DATA EXCERPT ->
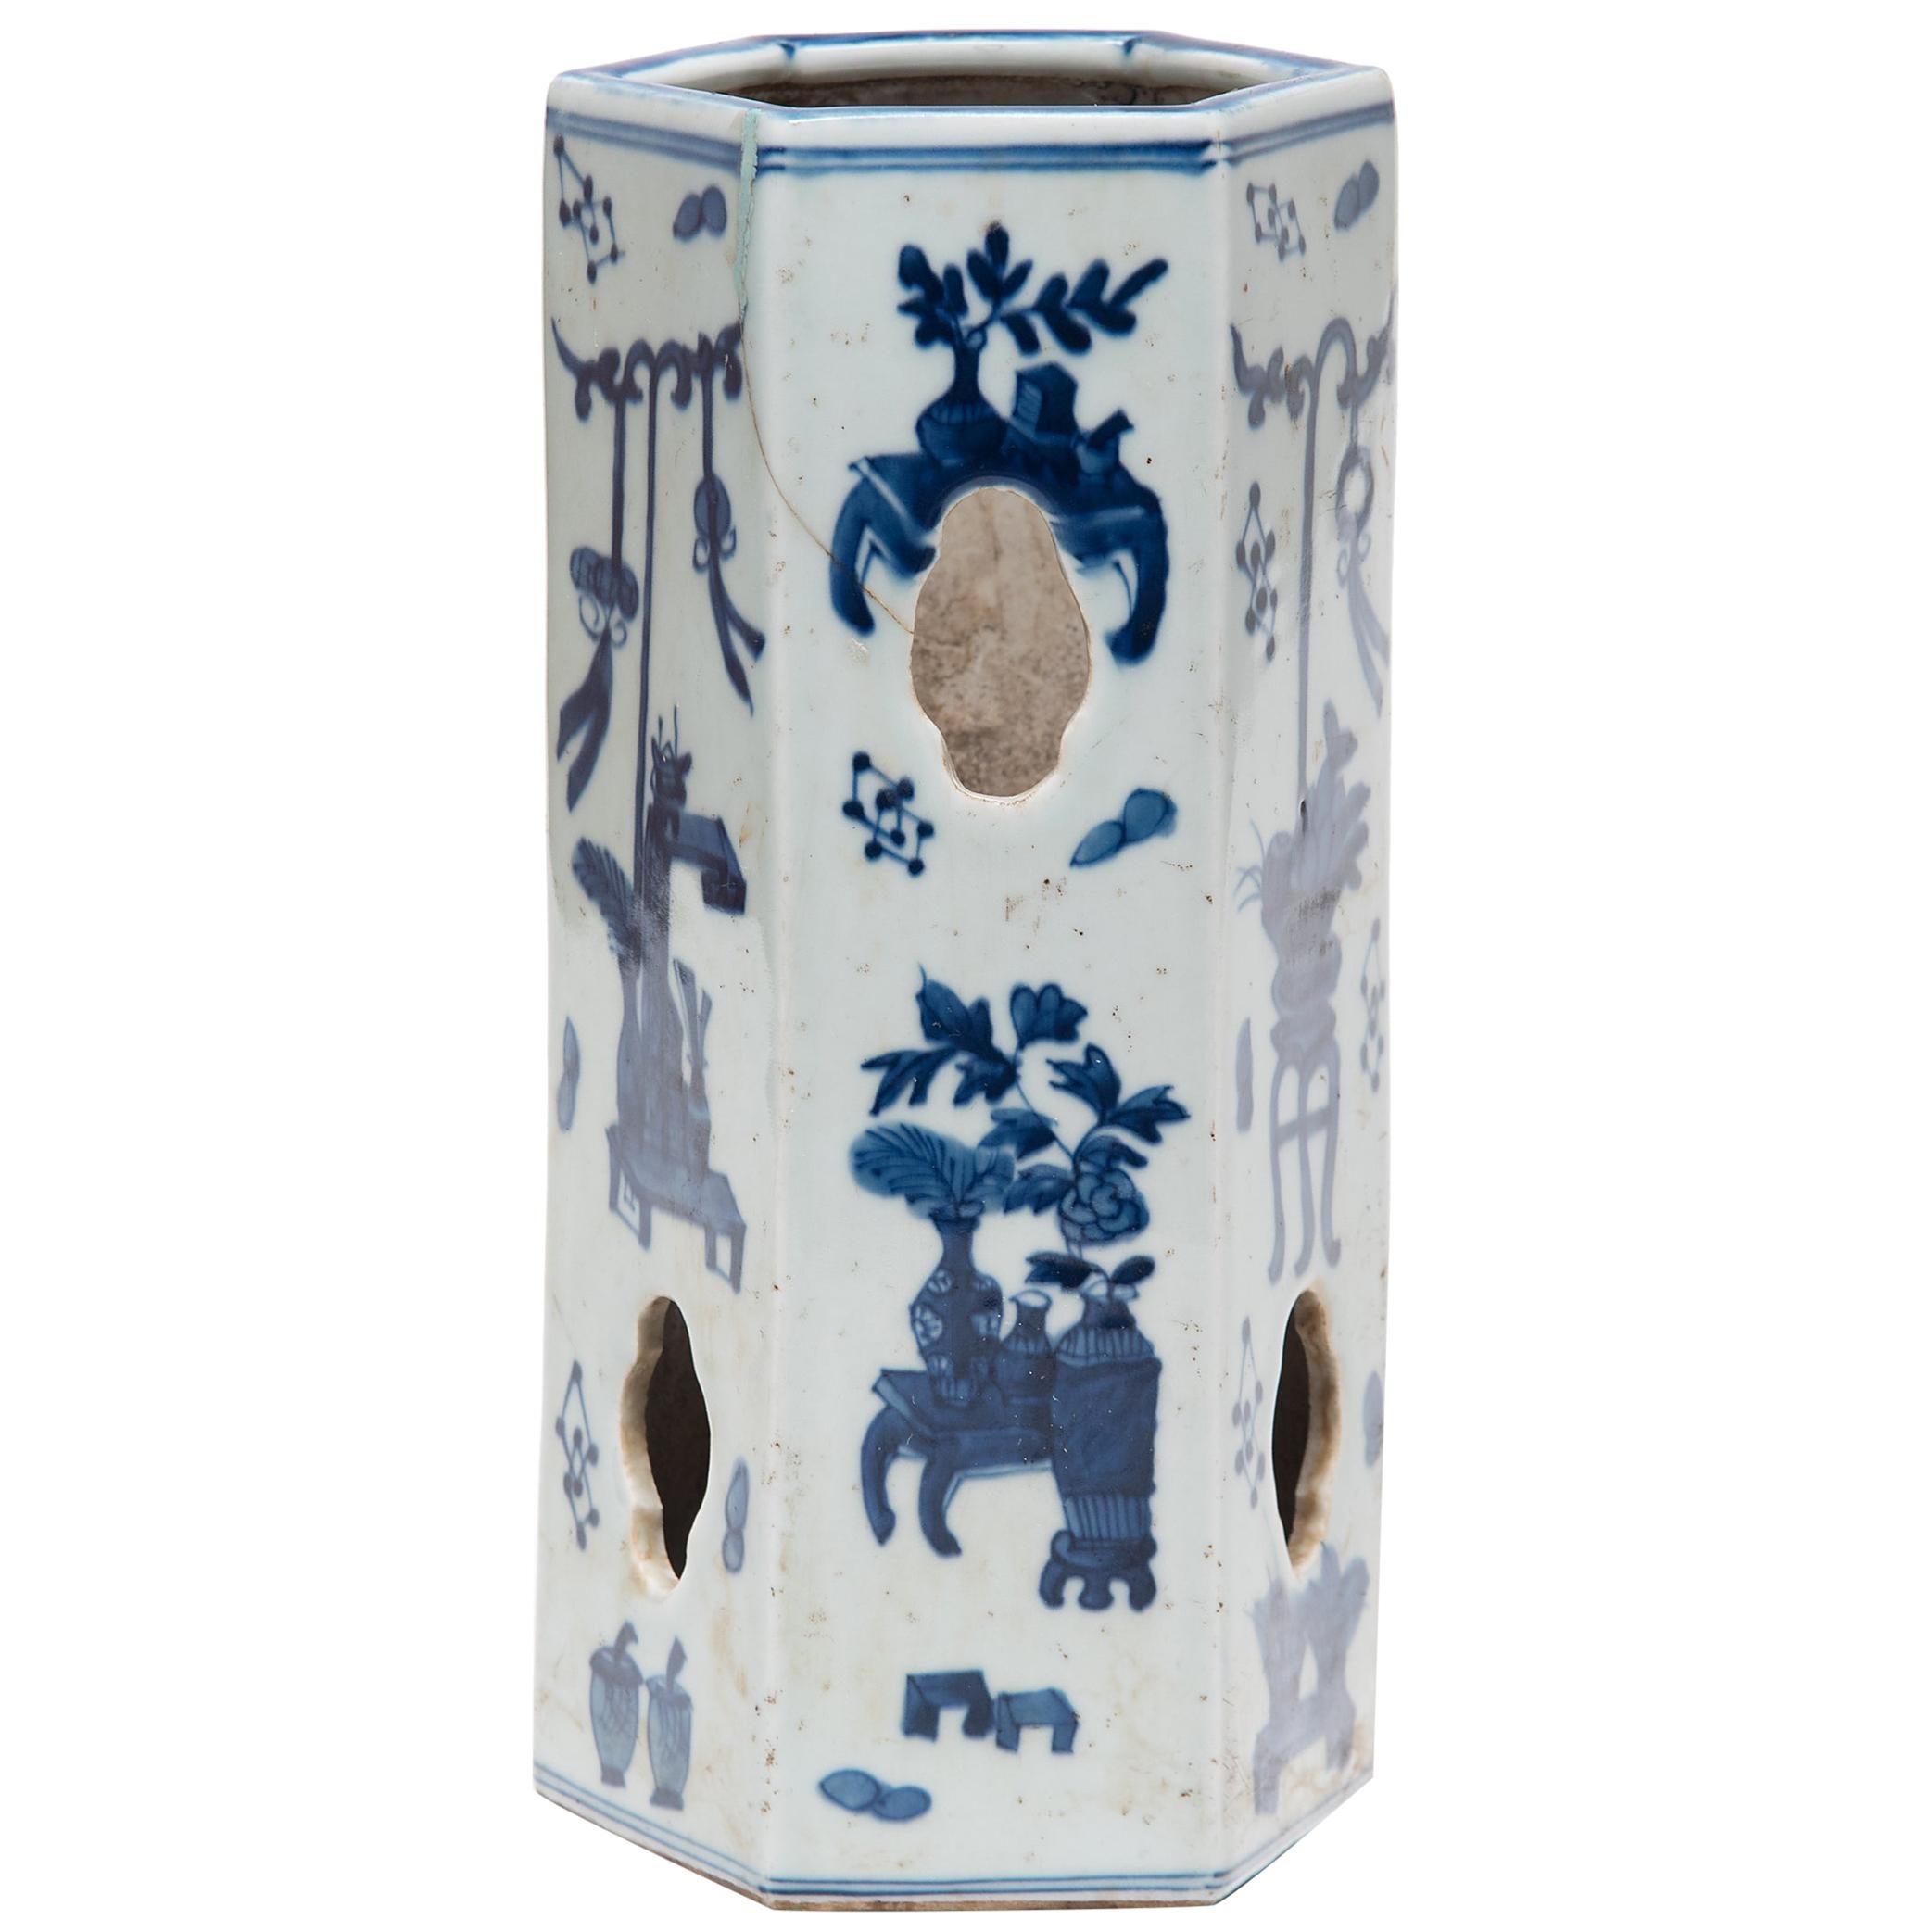 Chinese Blue and White Hat Stand with Treasured Objects, c. 1850
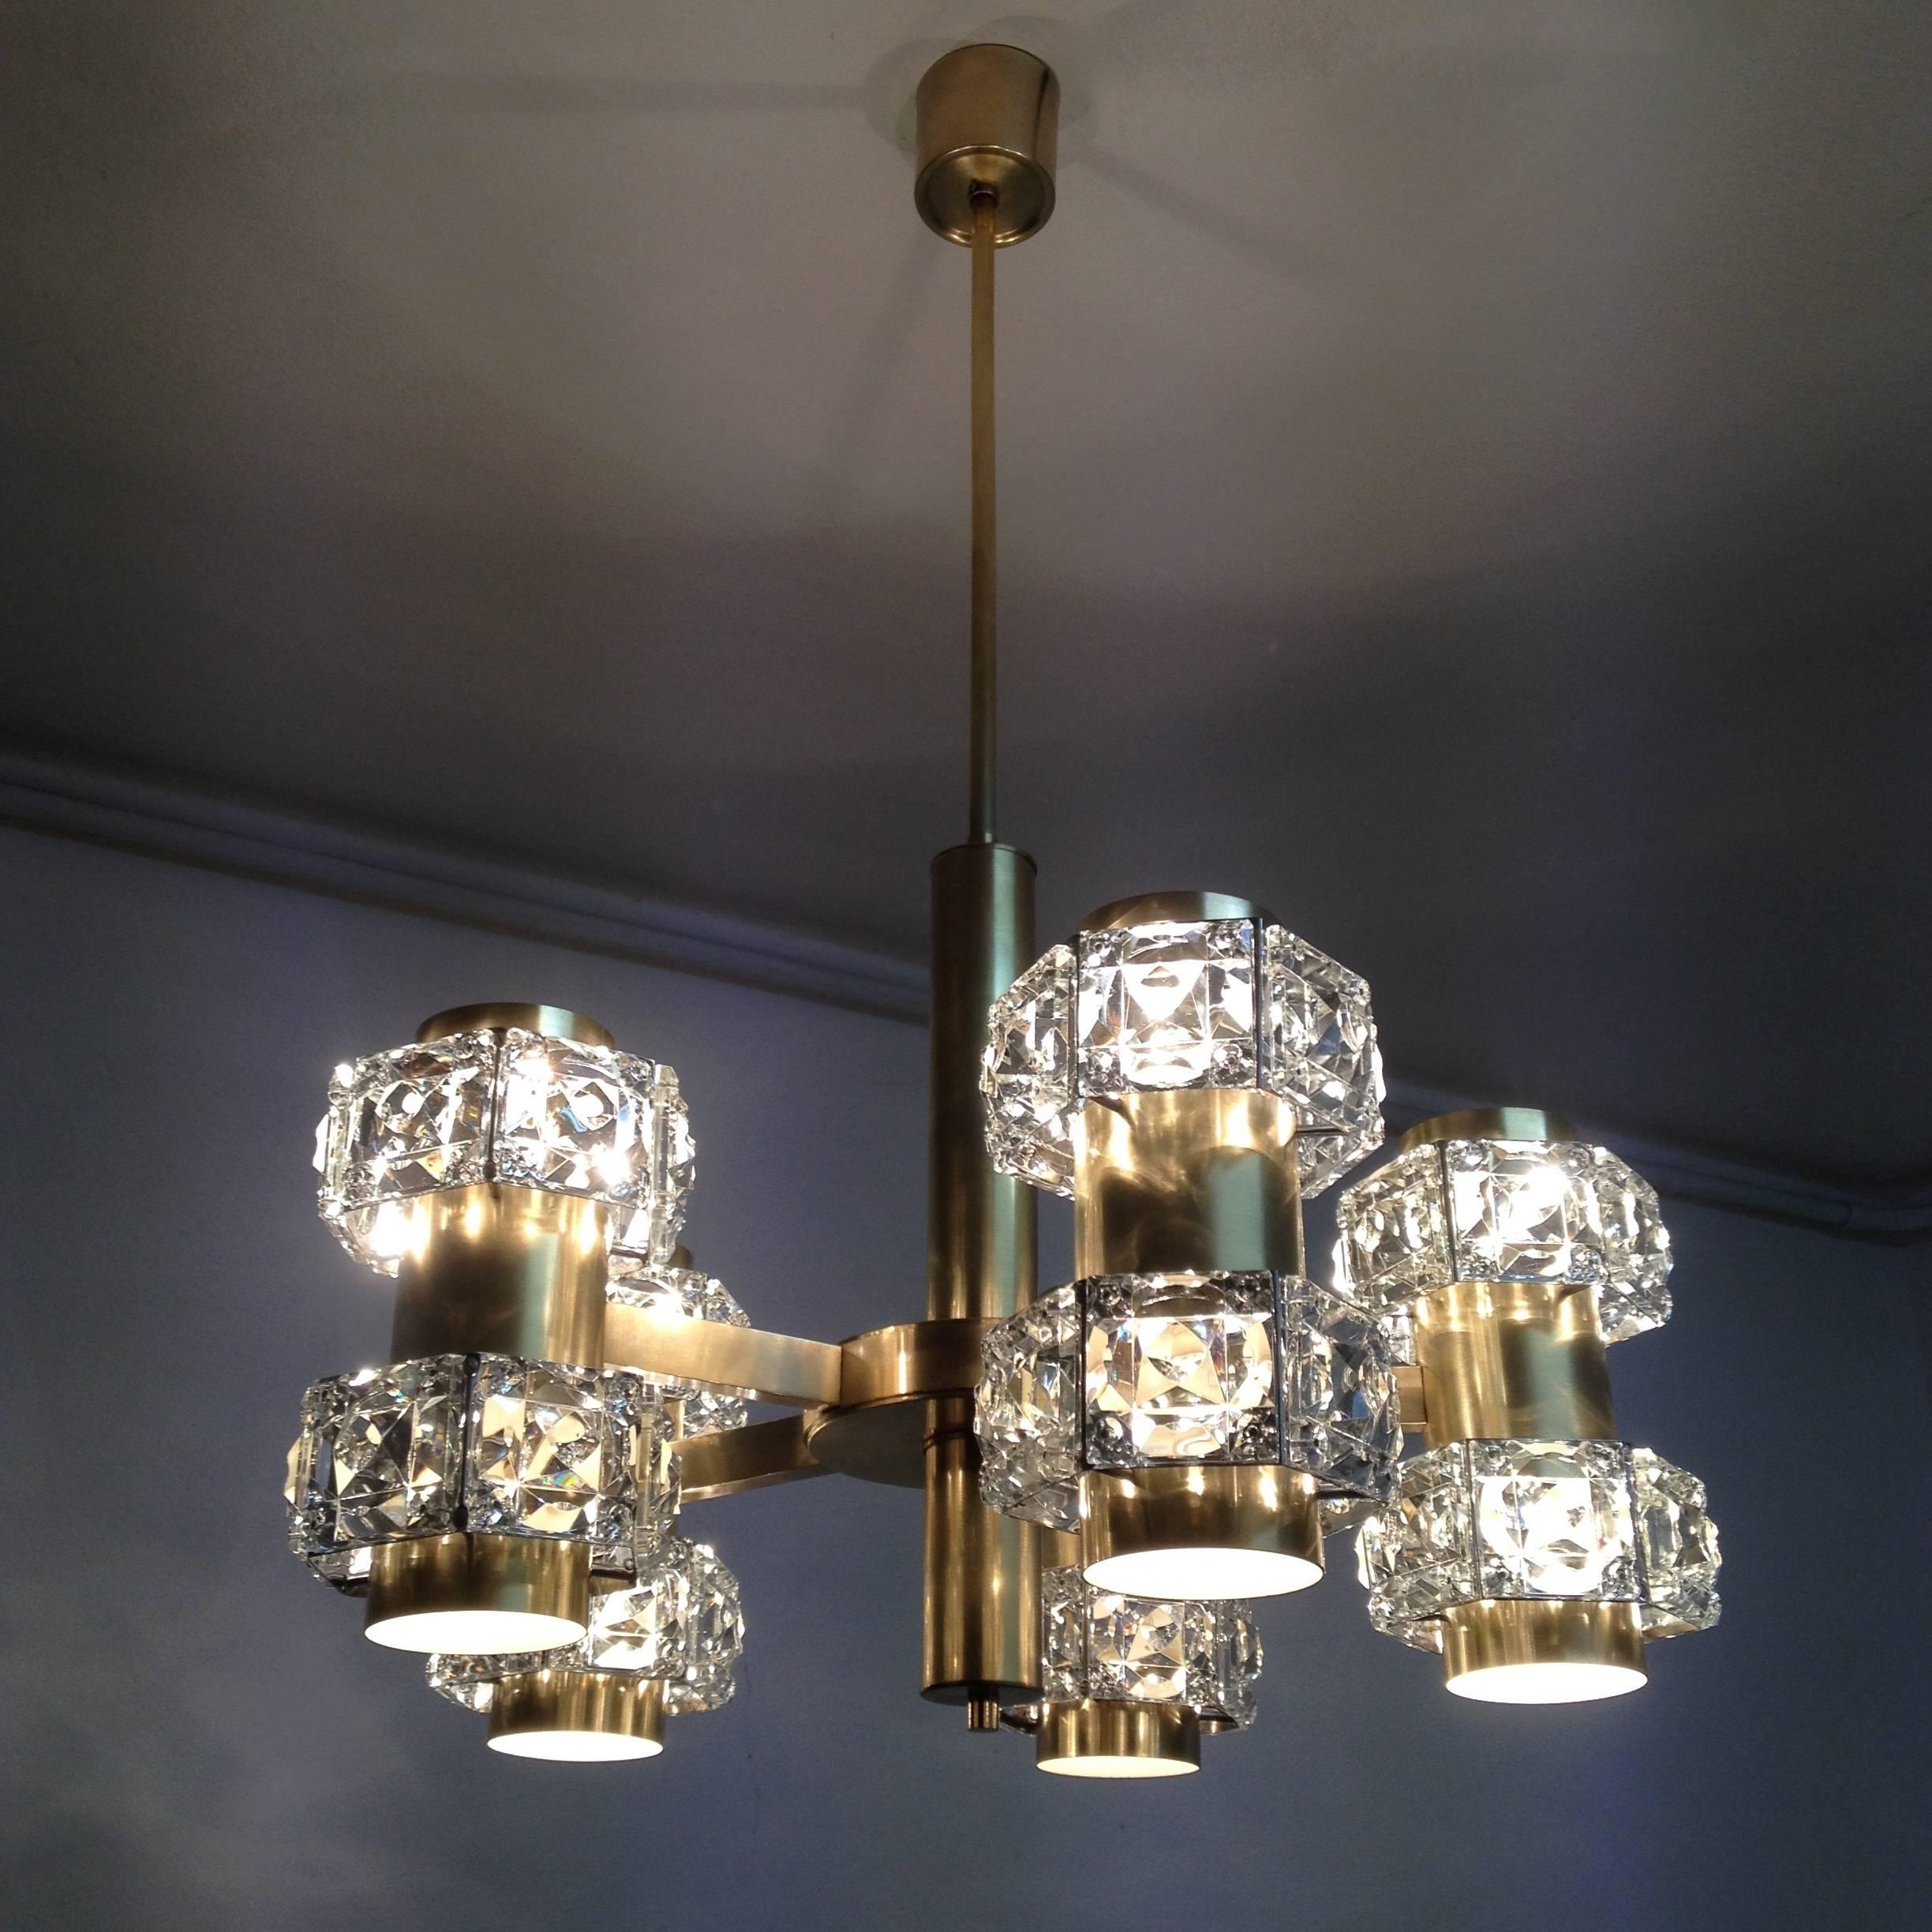 This is a rare and quite spectacular chandelier with five arms and double light fittings creating an up and down light effect which is being spread beautifully by the crystals that embrace the sconces that are set on the end of each arm. The brass
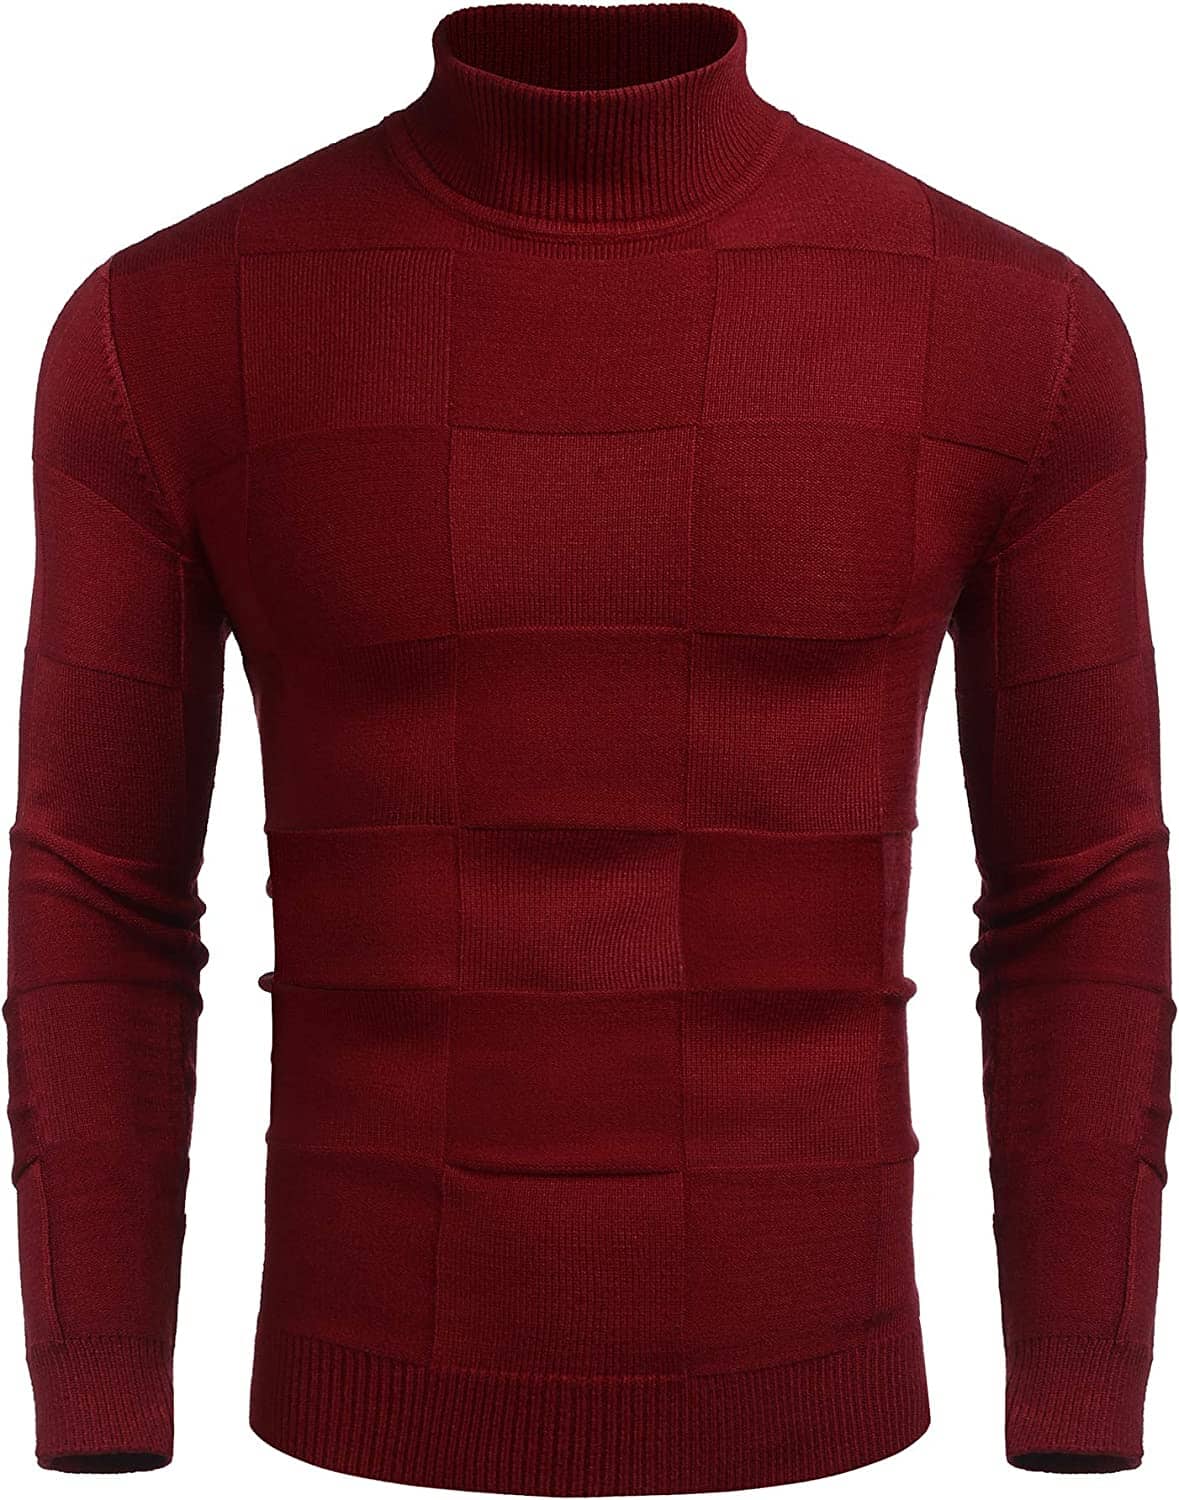 Ribbed Knit Pullover Sweater Turtneck Sweaters (US Only) Sweaters COOFANDY Store Red S

TRY IT ->
Word for word, copy every line of the data, excluding any pictures.

EXERCISE ANSWER ->
 Chinese Blue and White Hat Stand with Treasured Objects, c. 1850
 This is a rare and quite spectacular chandelier with five arms and double light fittings creating an up and down light effect which is being spread beautifully by the crystals that embrace the sconces that are set on the end of each arm. The brass
 Ribbed Knit Pullover Sweater Turtneck Sweaters (US Only) Sweaters COOFANDY Store Red S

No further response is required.